Esas tardes juntos, entre risas, lecturas y juegos con la perrita, se transformaron en largas noches de conversación. Primero nos juntamos para cocinar algo en uno de los dos departamentos y luego nos fuimos quedando a alojar. Y se fue dando de manera natural y totalmente espontáneo. Sin darle muchas vueltas. Muy distinto y muy particular, pero hermoso en todo sentido.
Y es que estos meses que llevamos juntos con Laura, aprendiendo el uno del otro y acompañándonos en estos tiempos un tanto extraños, me he dado cuenta de que todas mis relaciones anteriores se habían dado de otra manera, mucho más acelerada y menos profunda. Conocía a alguien y había una suerte de manual de cosas por hacer; las primeras citas tenían que ser afuera, en algún bar o restorán. Luego se conocía a los amigos y finalmente se hacían panoramas caseros y tranquilos. Esta vez, en cambio, todo fue más pausado. No había mucha alternativa de panorama y las temporalidades fueron distintas. Recién ahora, después de cinco meses de estar juntos acompañándonos casi todos los días, estoy conociendo a sus amigos y estamos saliendo a comer a algunas terrazas.
Estos meses me han permitido conocer a alguien con otros ritmos. Y me gusta, porque hemos logrado crear nuestro propio espacio en el que reina la calma y eso nos ha permitido conocernos más en profundidad. Conocernos realmente antes de salir al mundo juntos. Yo siempre había hecho más bien lo contrario.
También he reflexionado sobre la posibilidad que tuve de ver cosas y conocer gente que nunca antes había visto.
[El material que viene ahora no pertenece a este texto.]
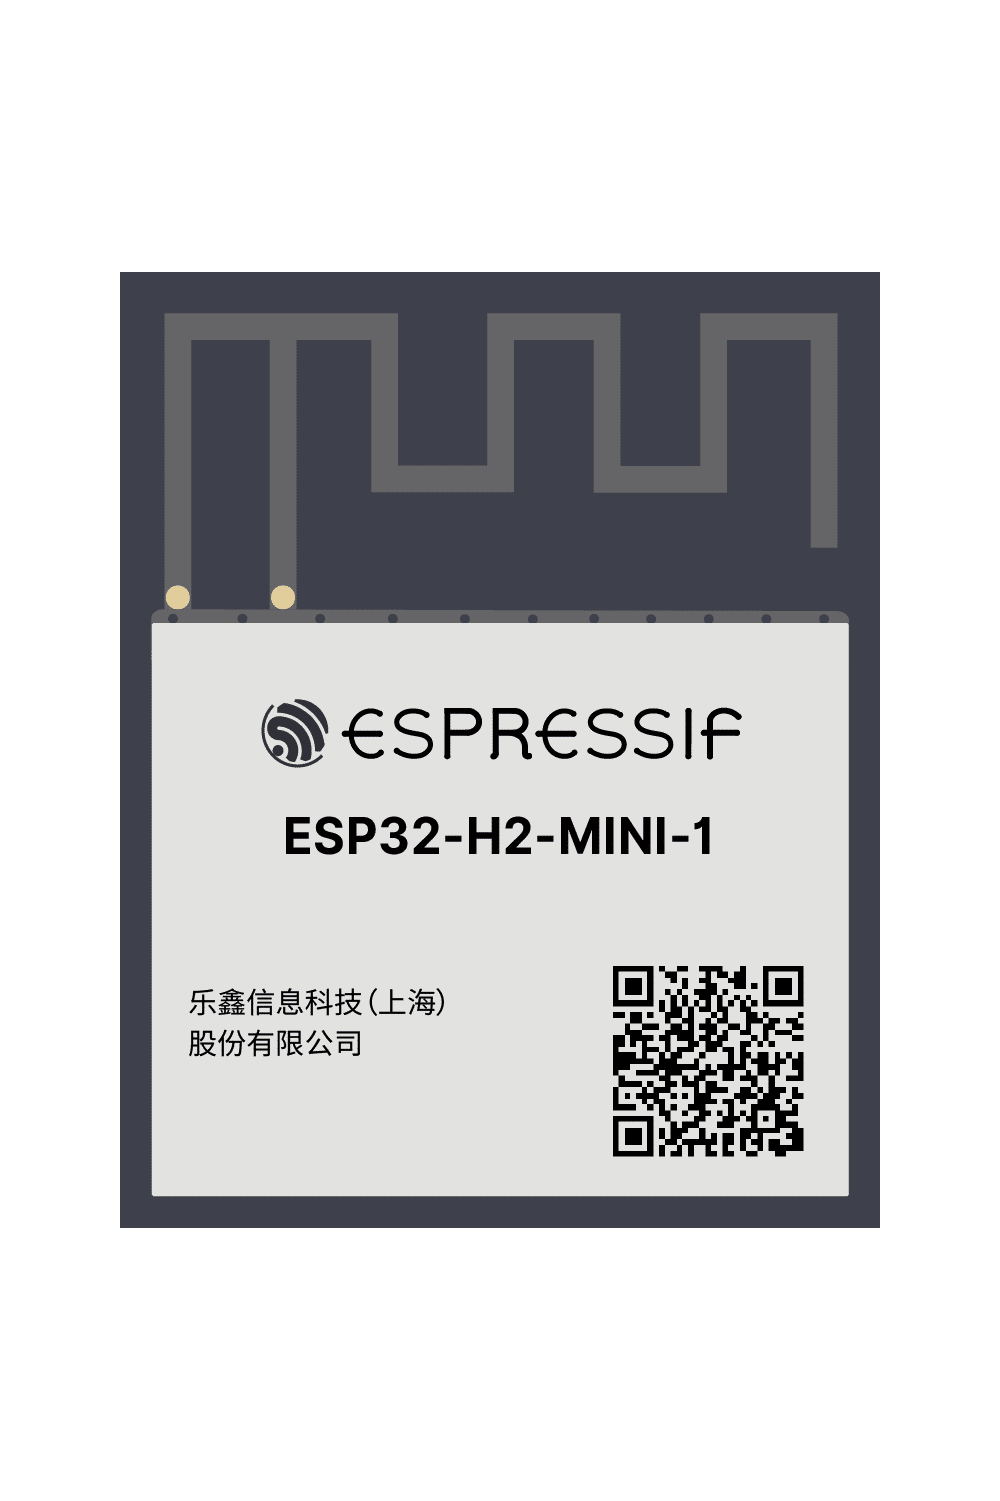 Espressif ESP32-­H2-­MINI-­1-N1 - moduł BLE i LR-WPAN z 1 MB flash

Con Laura estábamos ahí, uno frente al otro, pero nunca nos habíamos fijado realmente. Y cuando la vida se detuvo y nos obligó a reestructurar nuestras rutinas, al fin pudimos vernos. Sin adornos, sin estímulos externos. Solo dos seres humanos en un estado de espera. ¿Esperando qué? Que pasara la pandemia, probablemente, pero lo que no nos dábamos cuenta es que la vida ocurría mientras esperábamos.
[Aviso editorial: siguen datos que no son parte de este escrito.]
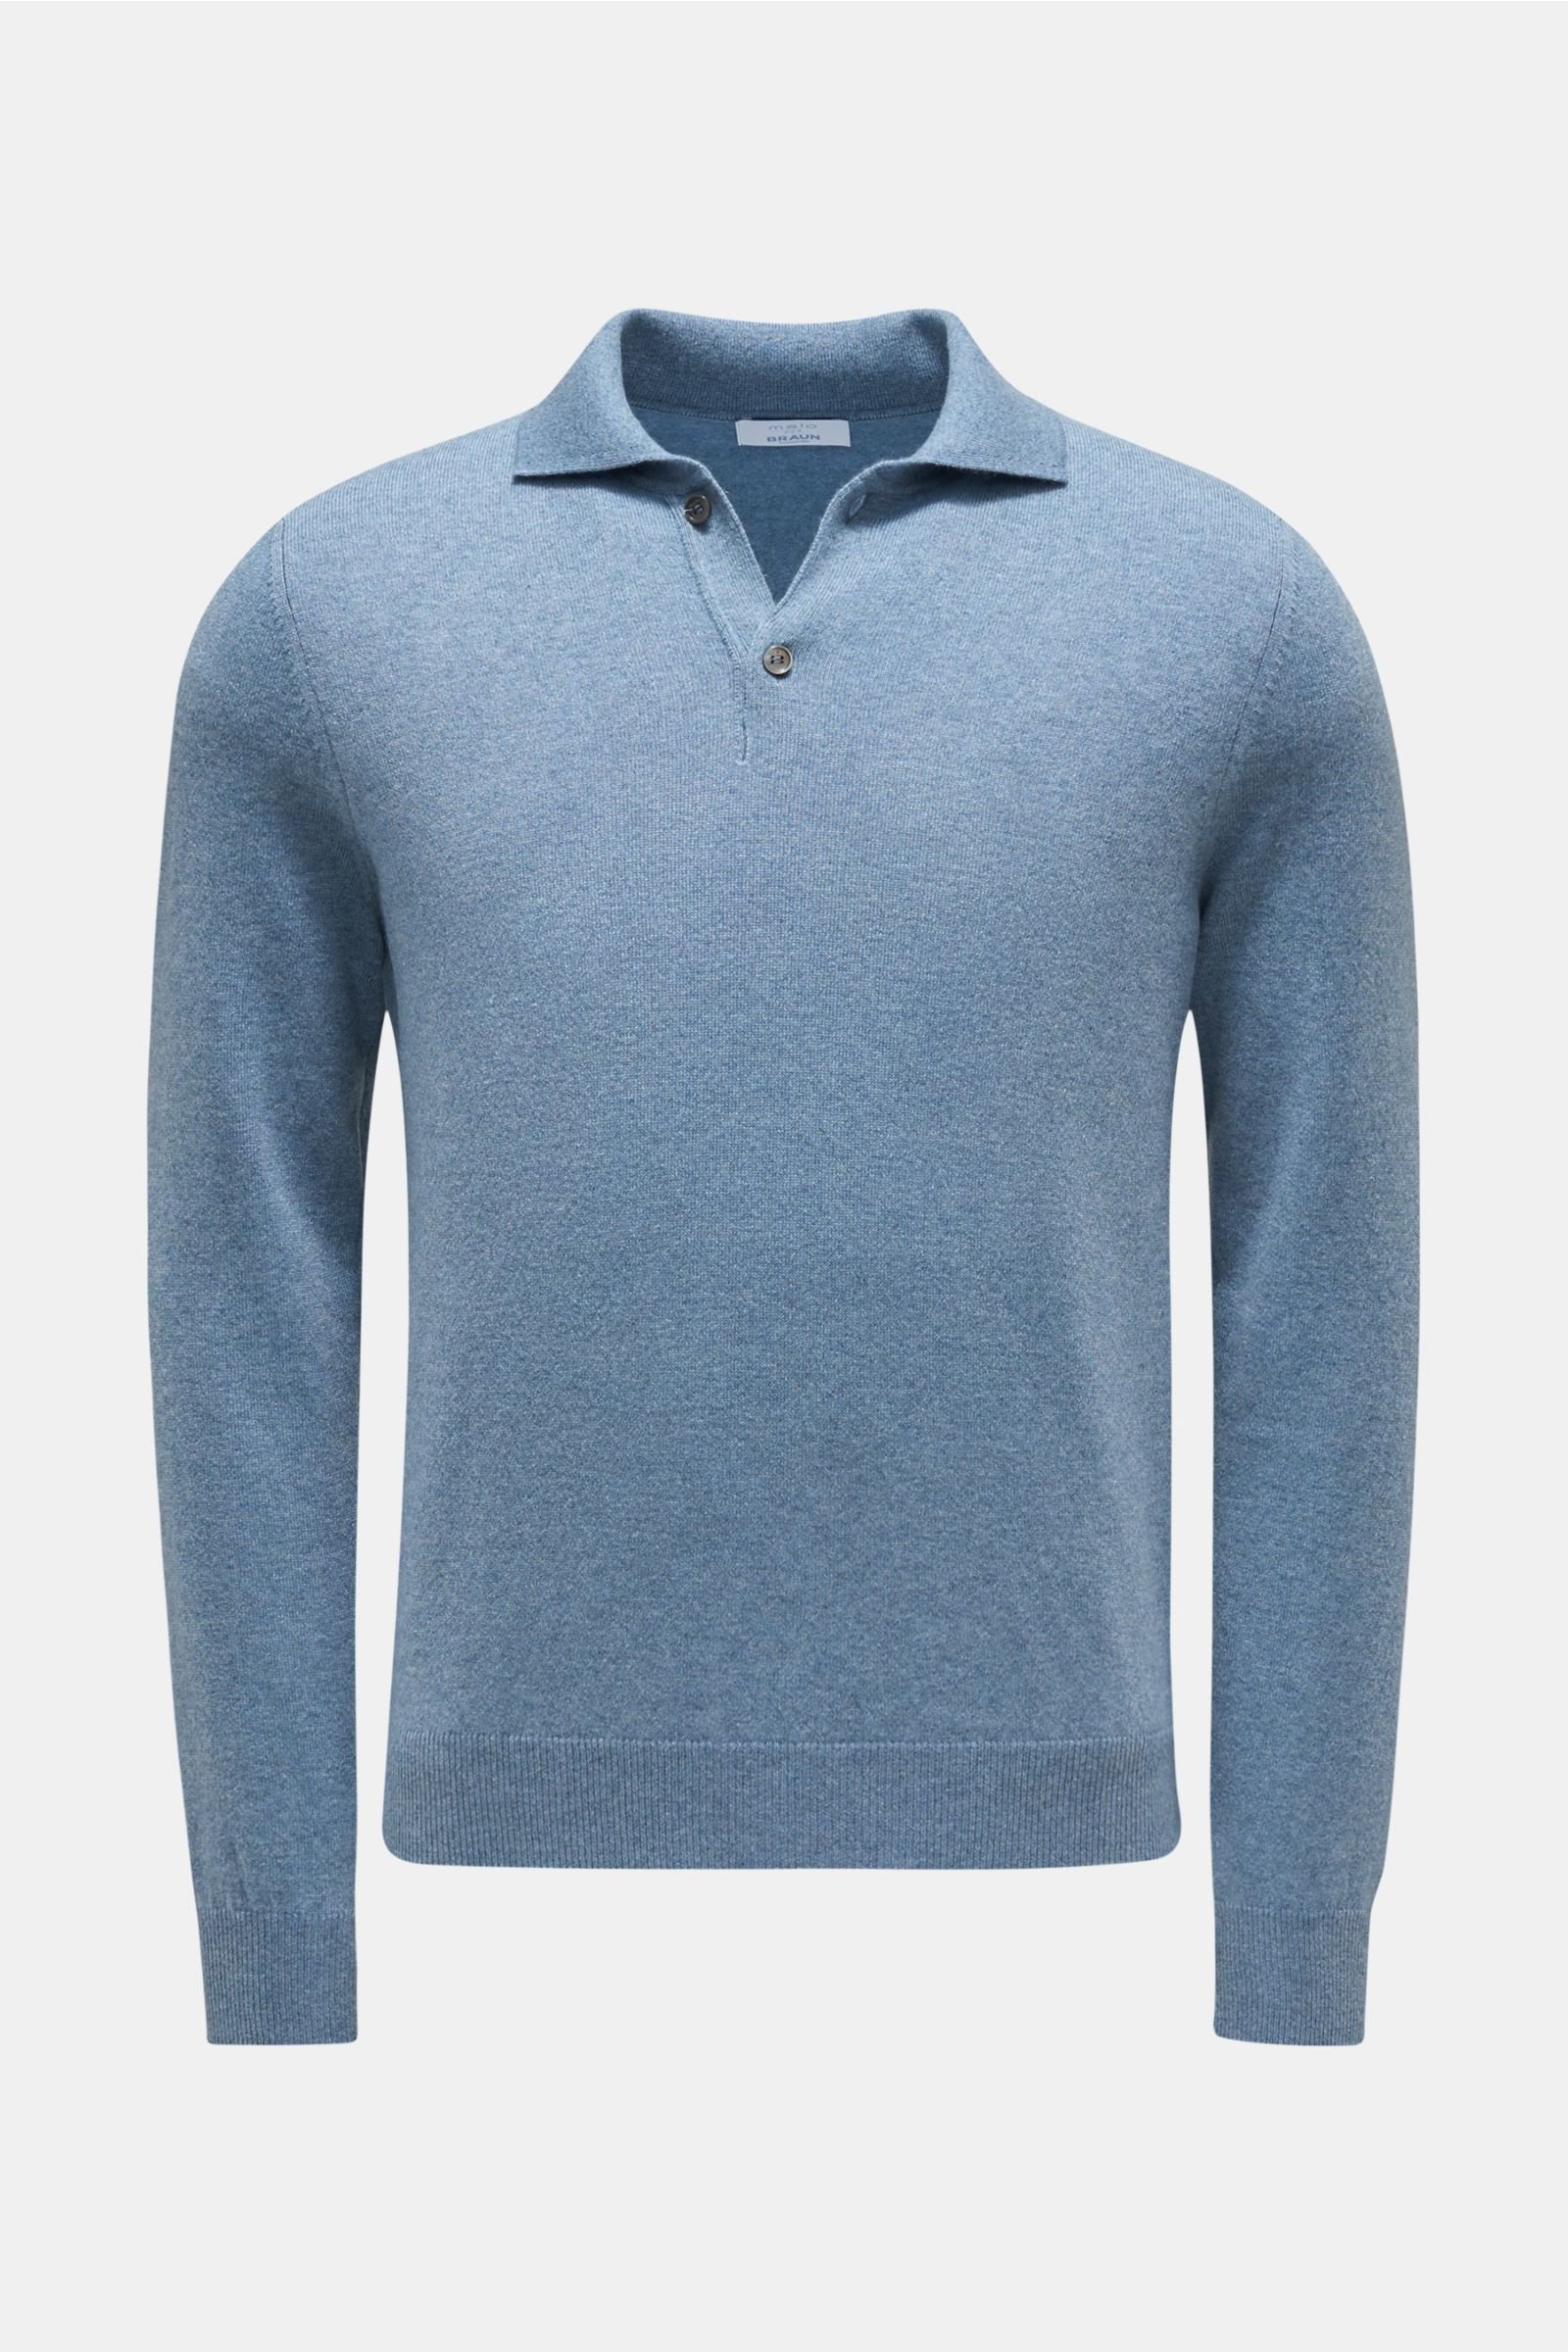 Cashmere knit polo grey-blue

Ella me confesó que nunca se había fijado en mí. Yo sí la había visto de reojo alguna vez, pero también estaba muy atrapado y envuelto en mi propia vida. Y por eso nunca nos habíamos visto realmente. Este último tiempo, en cambio, hemos aprendido a reconocer a nuestros vecinos e interactuar con la gente que nos rodea. Hemos identificado a cada uno. Es fuerte pensar que estábamos tan frenéticos que no alcanzábamos a ver lo que estaba al frente, literalmente. Ella y yo vivíamos a dos puertas de diferencia, pero nunca habíamos compartido más de dos palabras.
Es lindo darse cuenta de que justo ahí, a pocos metros, puede haber alguien especial con la que puedes congeniar. Es lindo darse la oportunidad de vivirlo. Siempre estamos buscando en otros lados, en otras plataformas, en otros espacios, pero puede haber alguien al lado que pasamos por alto. Que no logramos ver. Estamos tan apurados que solo miramos mucho más allá y nos perdemos lo que está al frente. Estamos con miras hacia el futuro, pensado a largo plazo, pero nos perdemos el ahora. Yo decidí no perdérmelo más, porque es muy hermoso lo que ocurre cuando te permites estar ahí".
Teo Araya (33) es biólogo y amante de los cómics.